Source data:

====

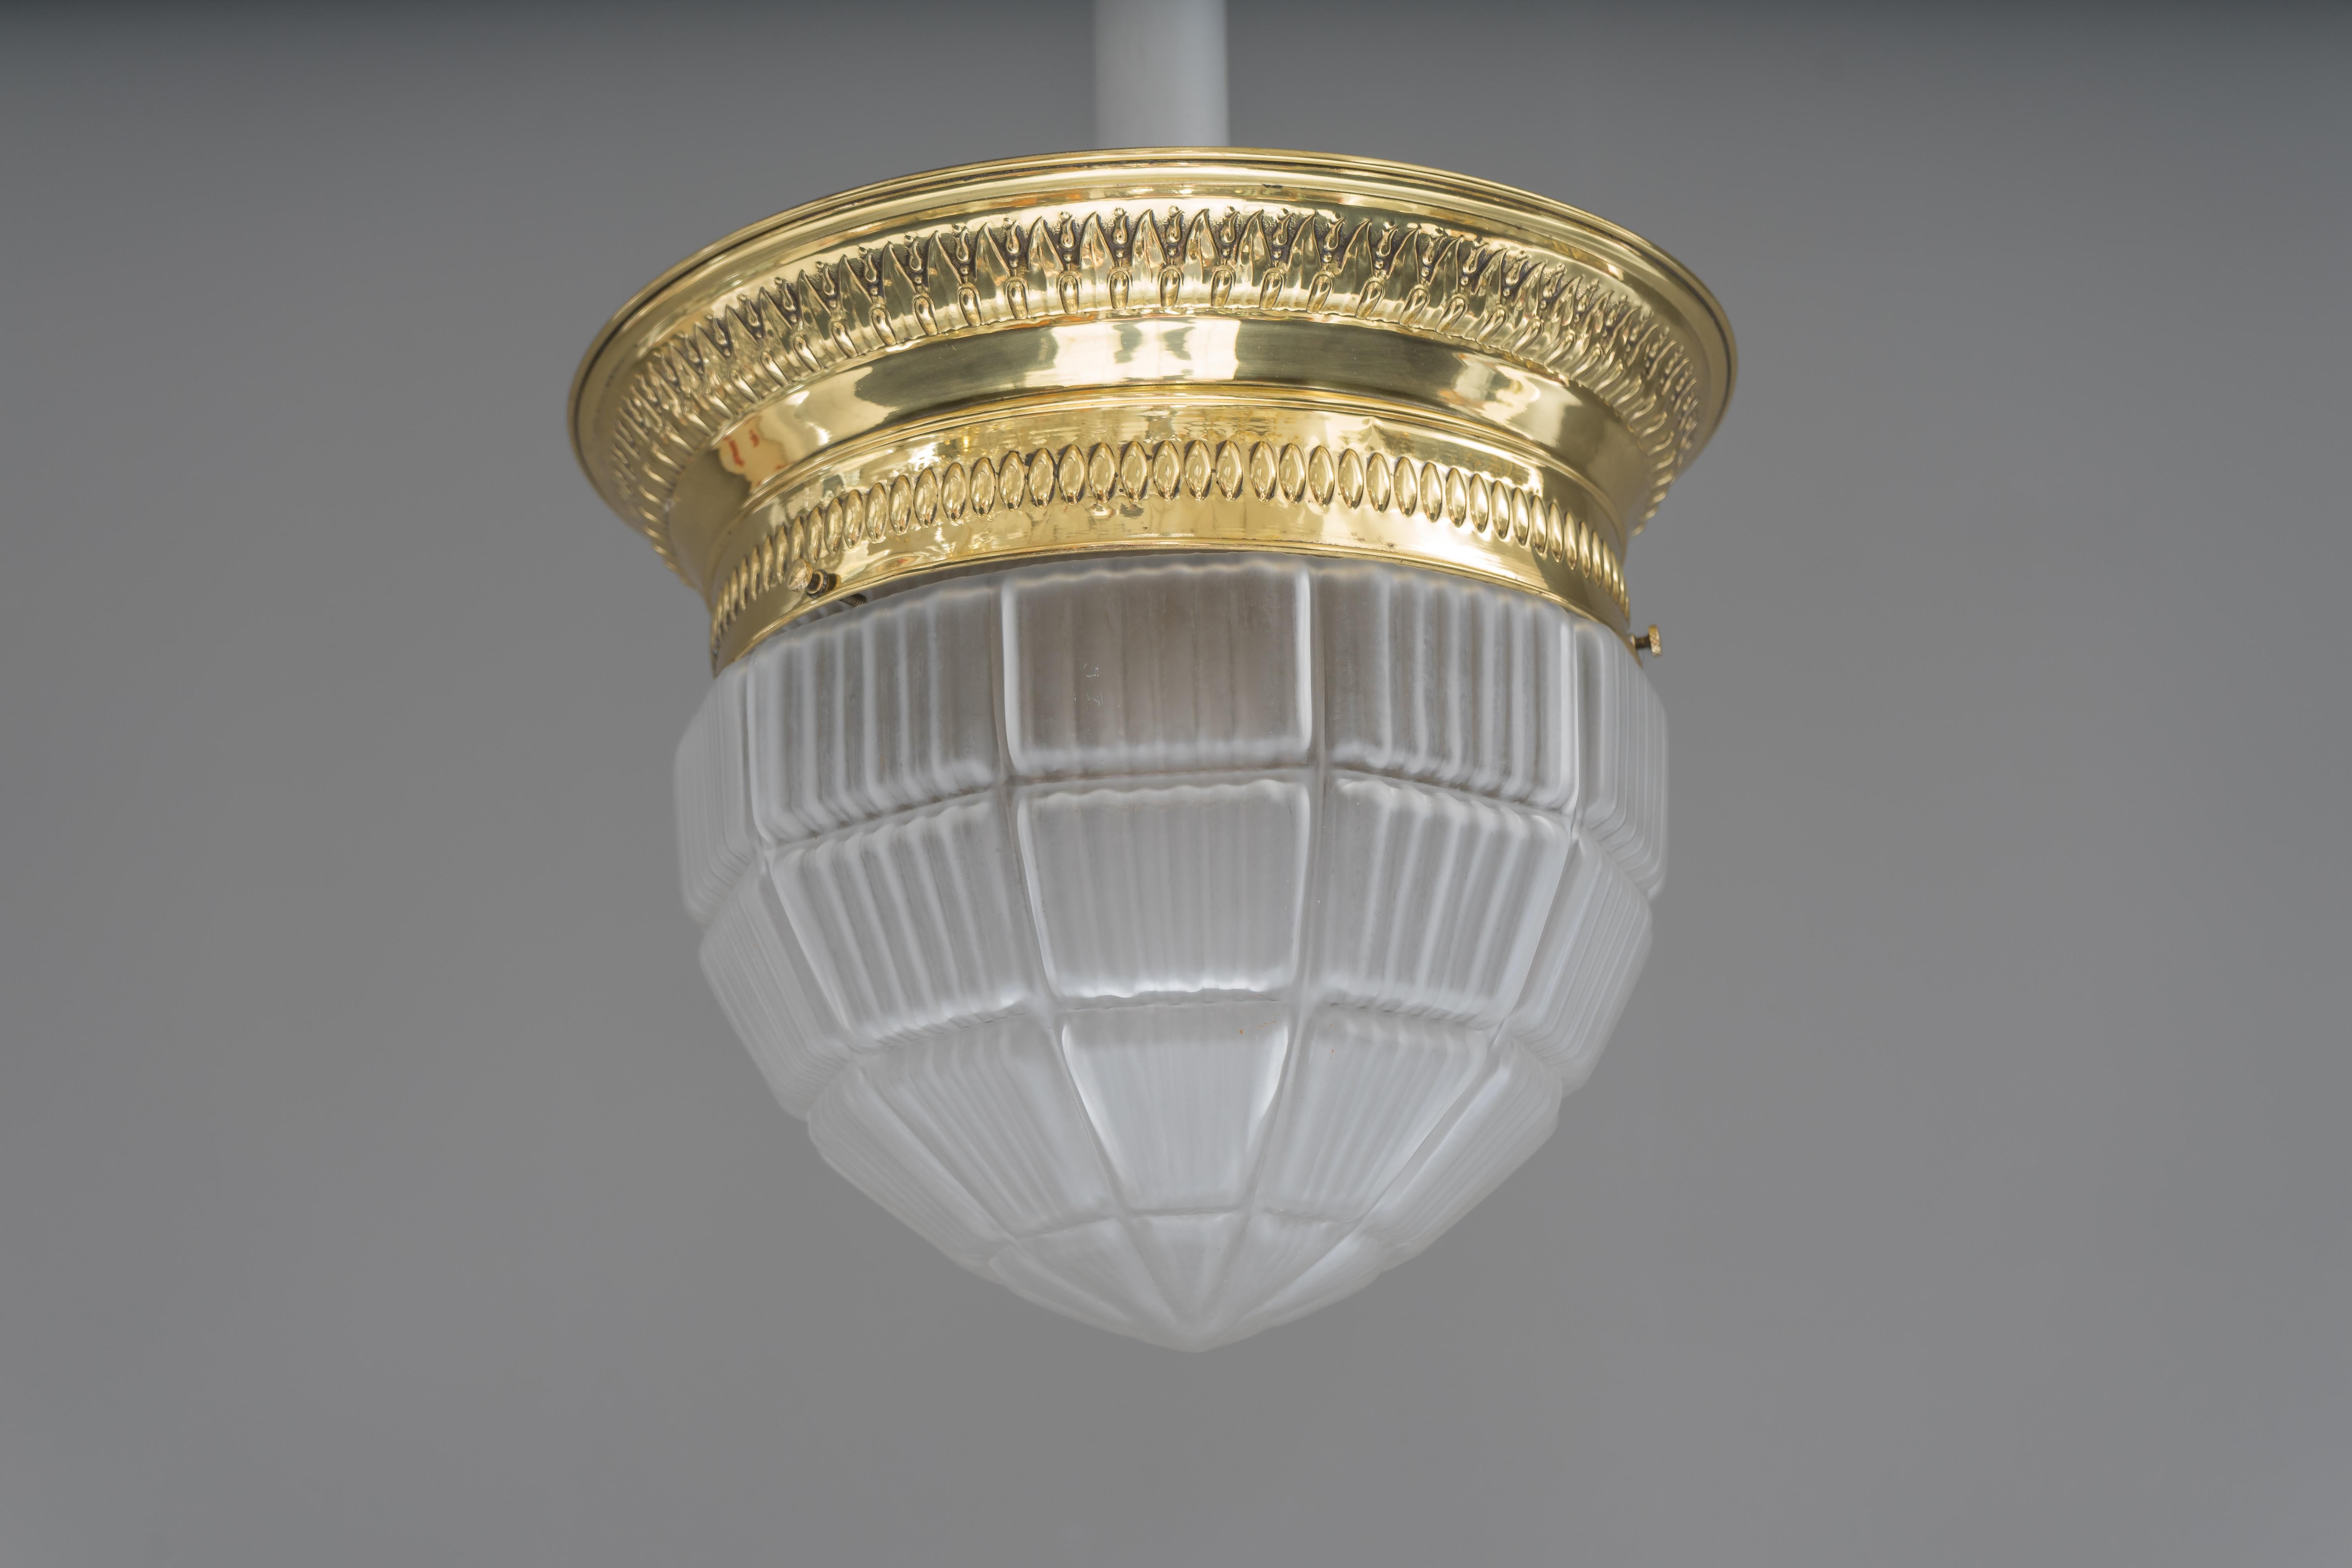 Lampe de plafond Art Déco Vienne circa 1920s avec verre original
Polis et émaillés au four
Verre original.

====

Requirement: Output the data above in full. Skip every picture.

Output of the task:
 Lampe de plafond Art Déco Vienne circa 1920s avec verre original
Polis et émaillés au four
Verre original.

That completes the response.